* **Work instructions**: Images in the data are to be skipped, while every line is restated exactly as written.

:: Raw data ::

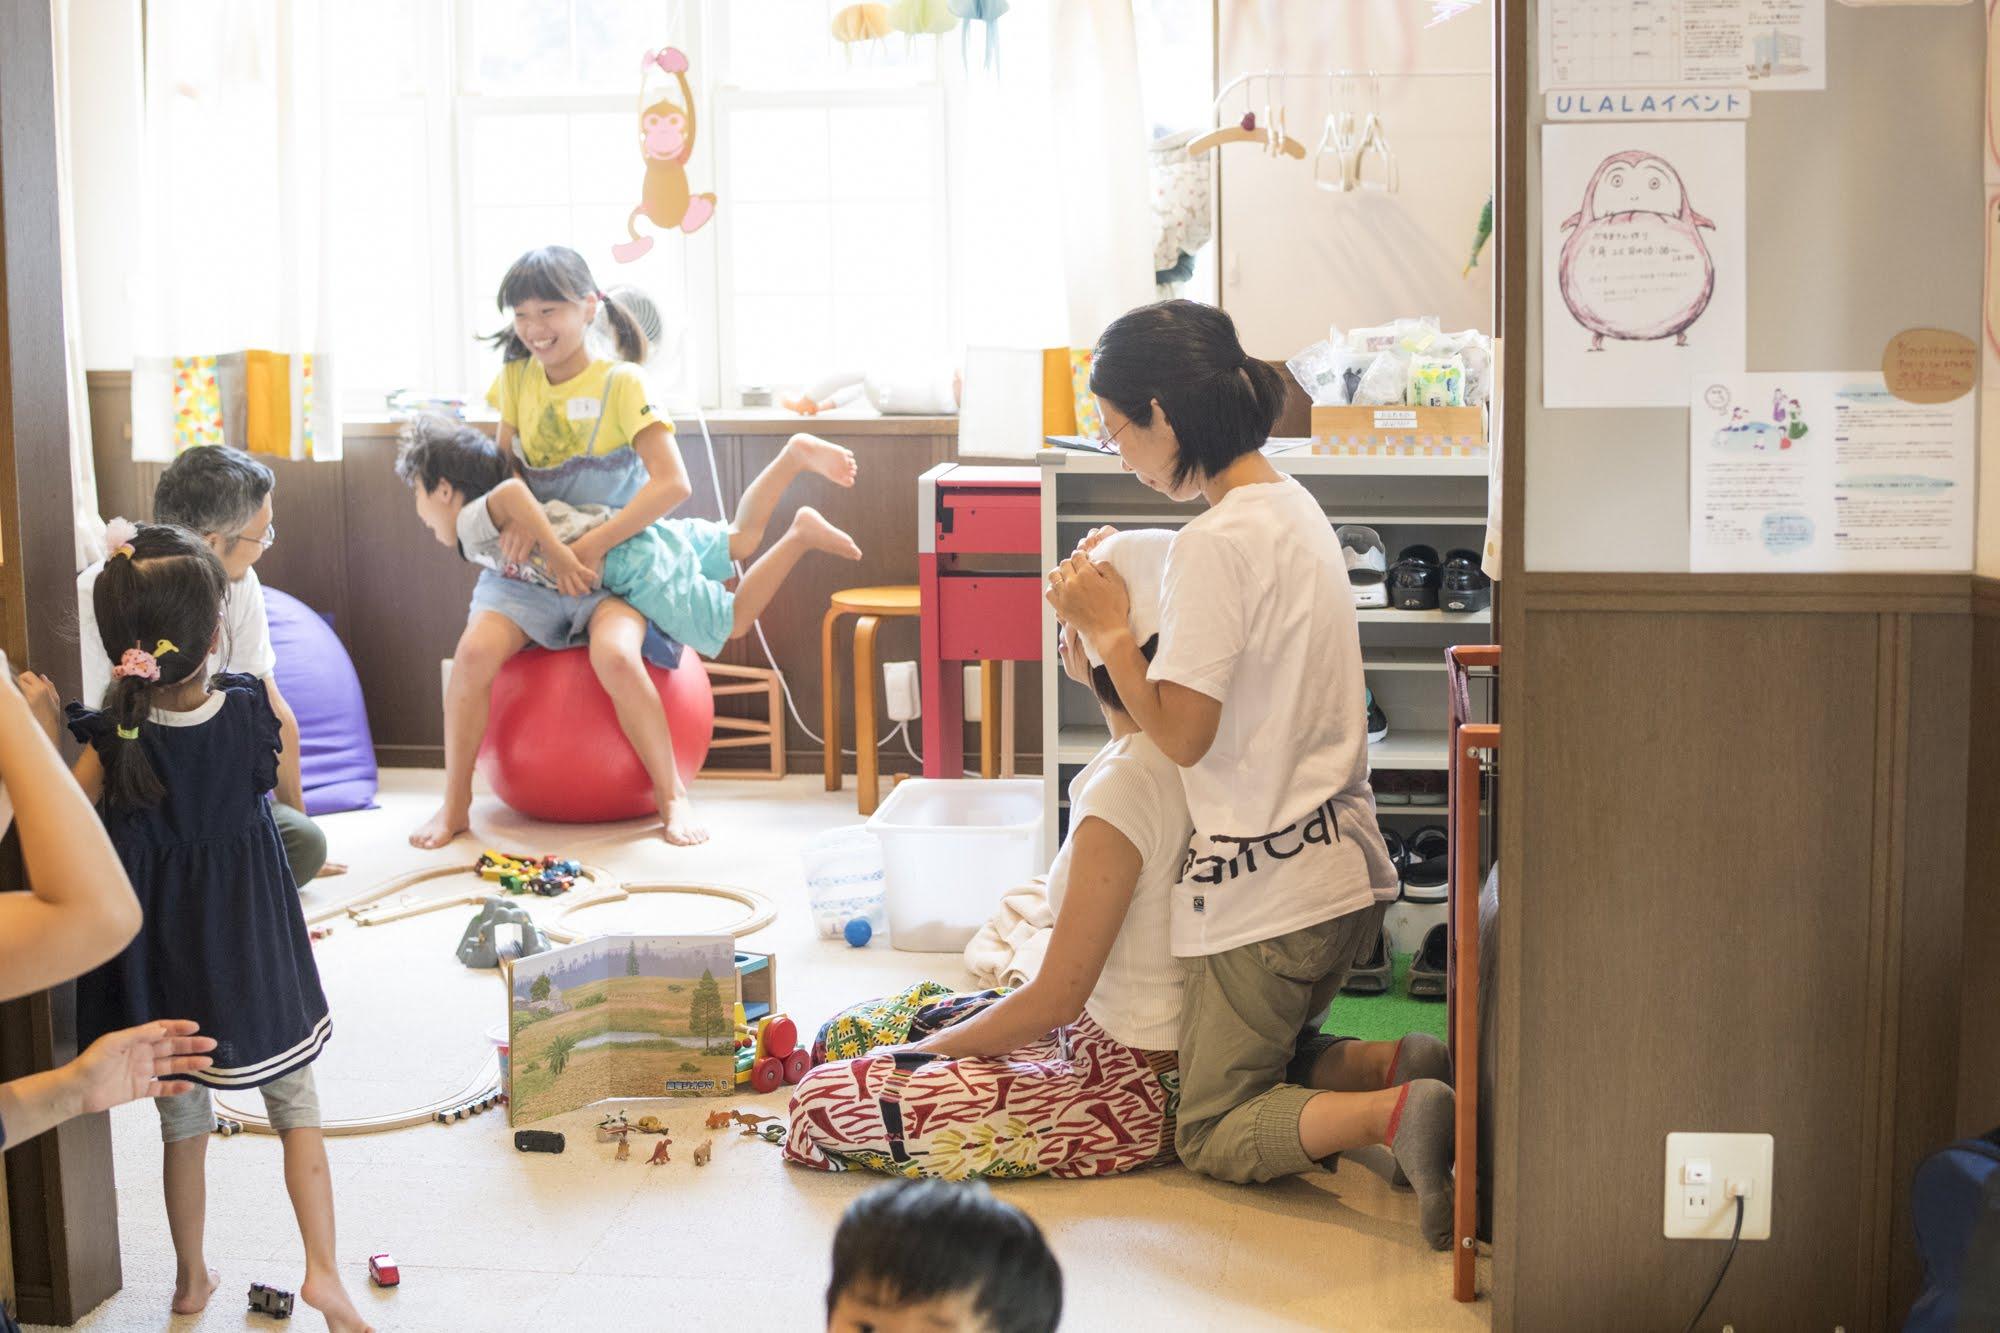 【当日レポート】障がいをもった親子が集まるおやすみの日、みんなで食べるランチ会
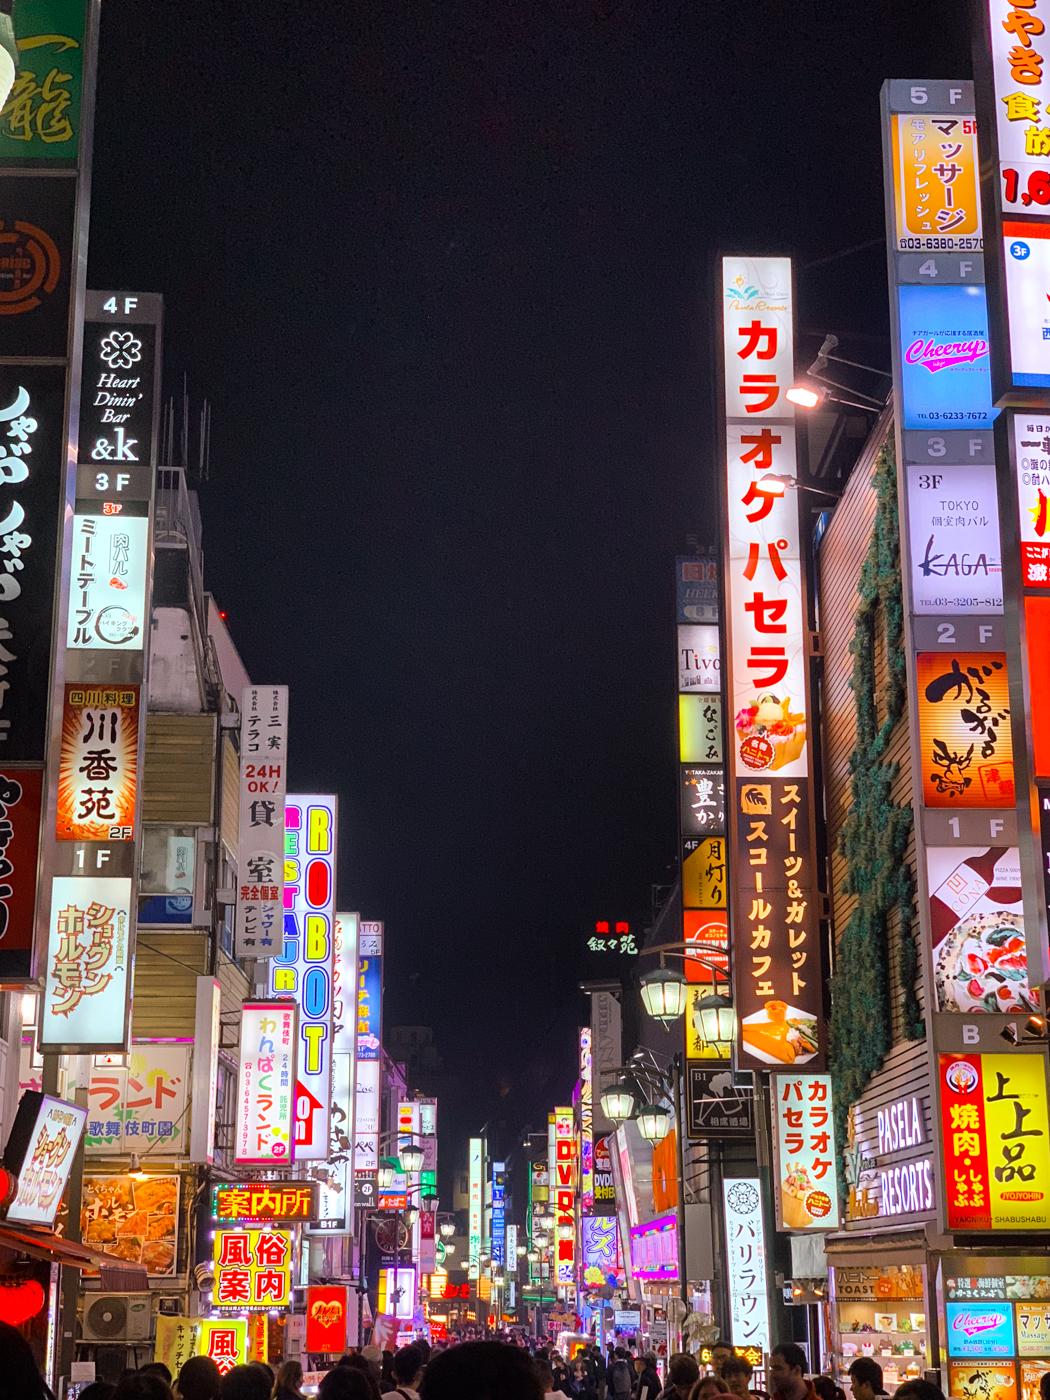 Shinjuku District | Tokyo, Japan
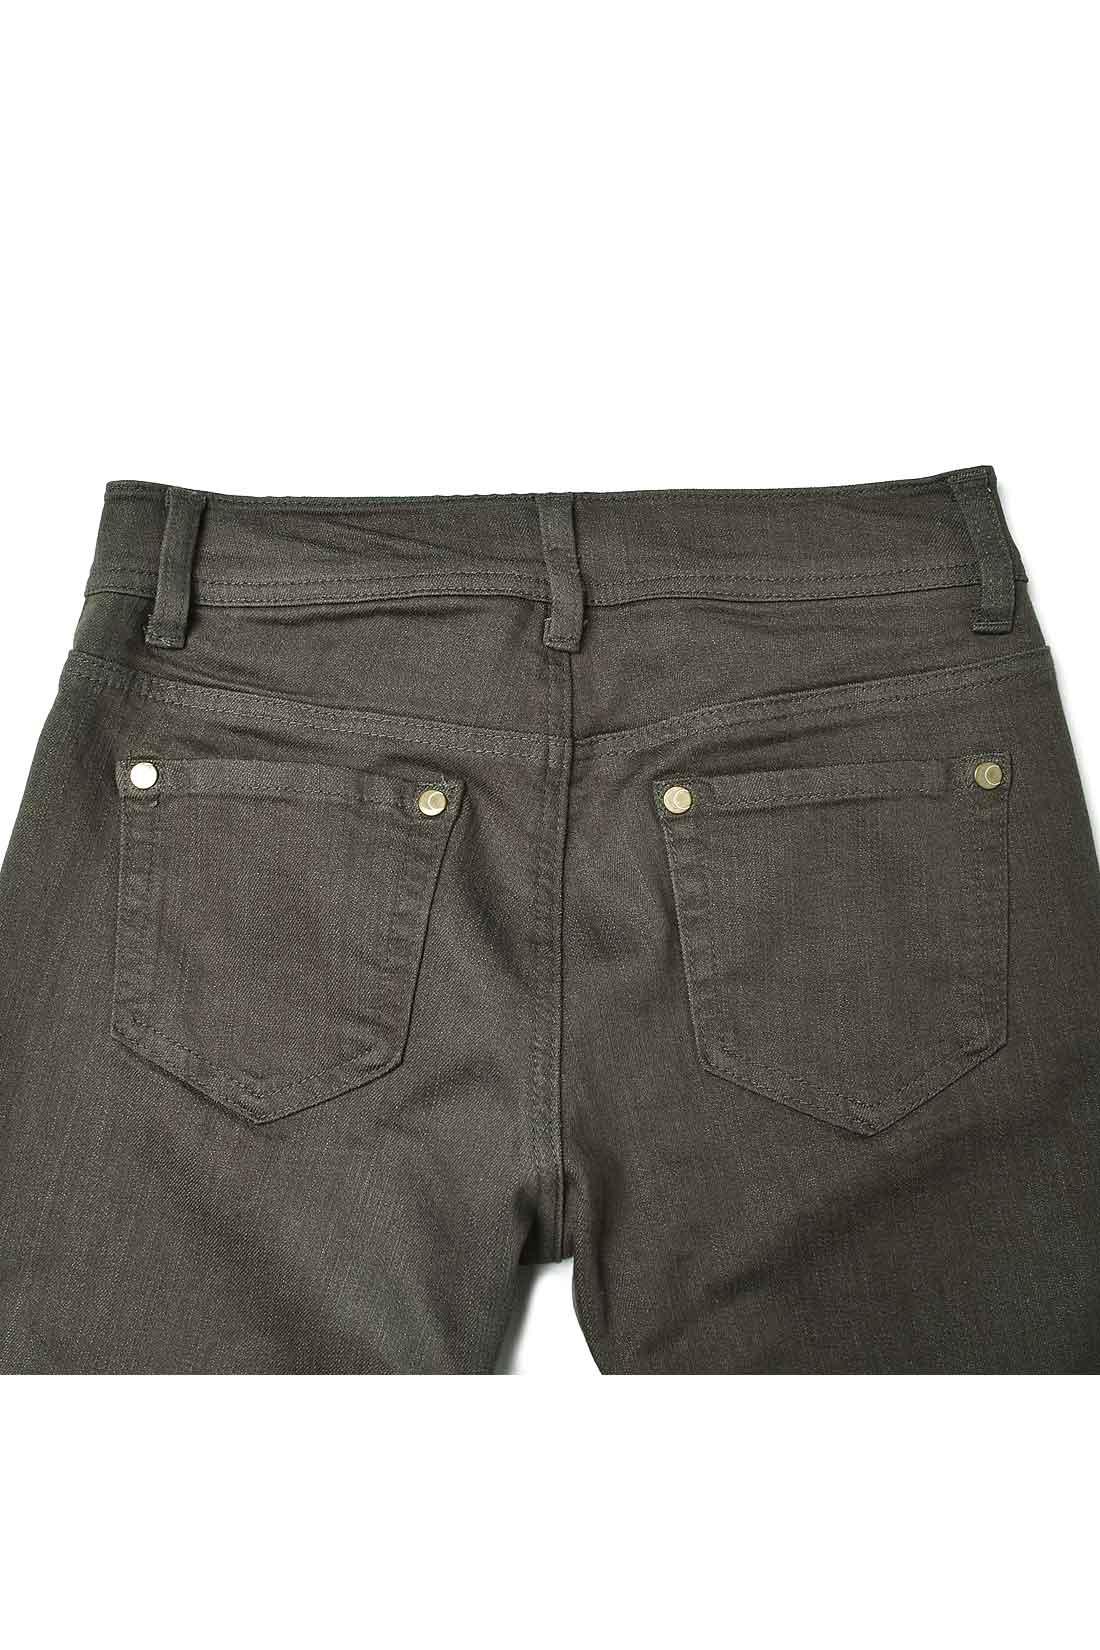 ヒップをキュッと高く見せるよう、後ろはヨーク切り替えと、ポケット位置を高めに設定。後ろ姿もすらり美脚に。

:::

* **Solved problem**:
 【当日レポート】障がいをもった親子が集まるおやすみの日、みんなで食べるランチ会
 Shinjuku District | Tokyo, Japan
 ヒップをキュッと高く見せるよう、後ろはヨーク切り替えと、ポケット位置を高めに設定。後ろ姿もすらり美脚に。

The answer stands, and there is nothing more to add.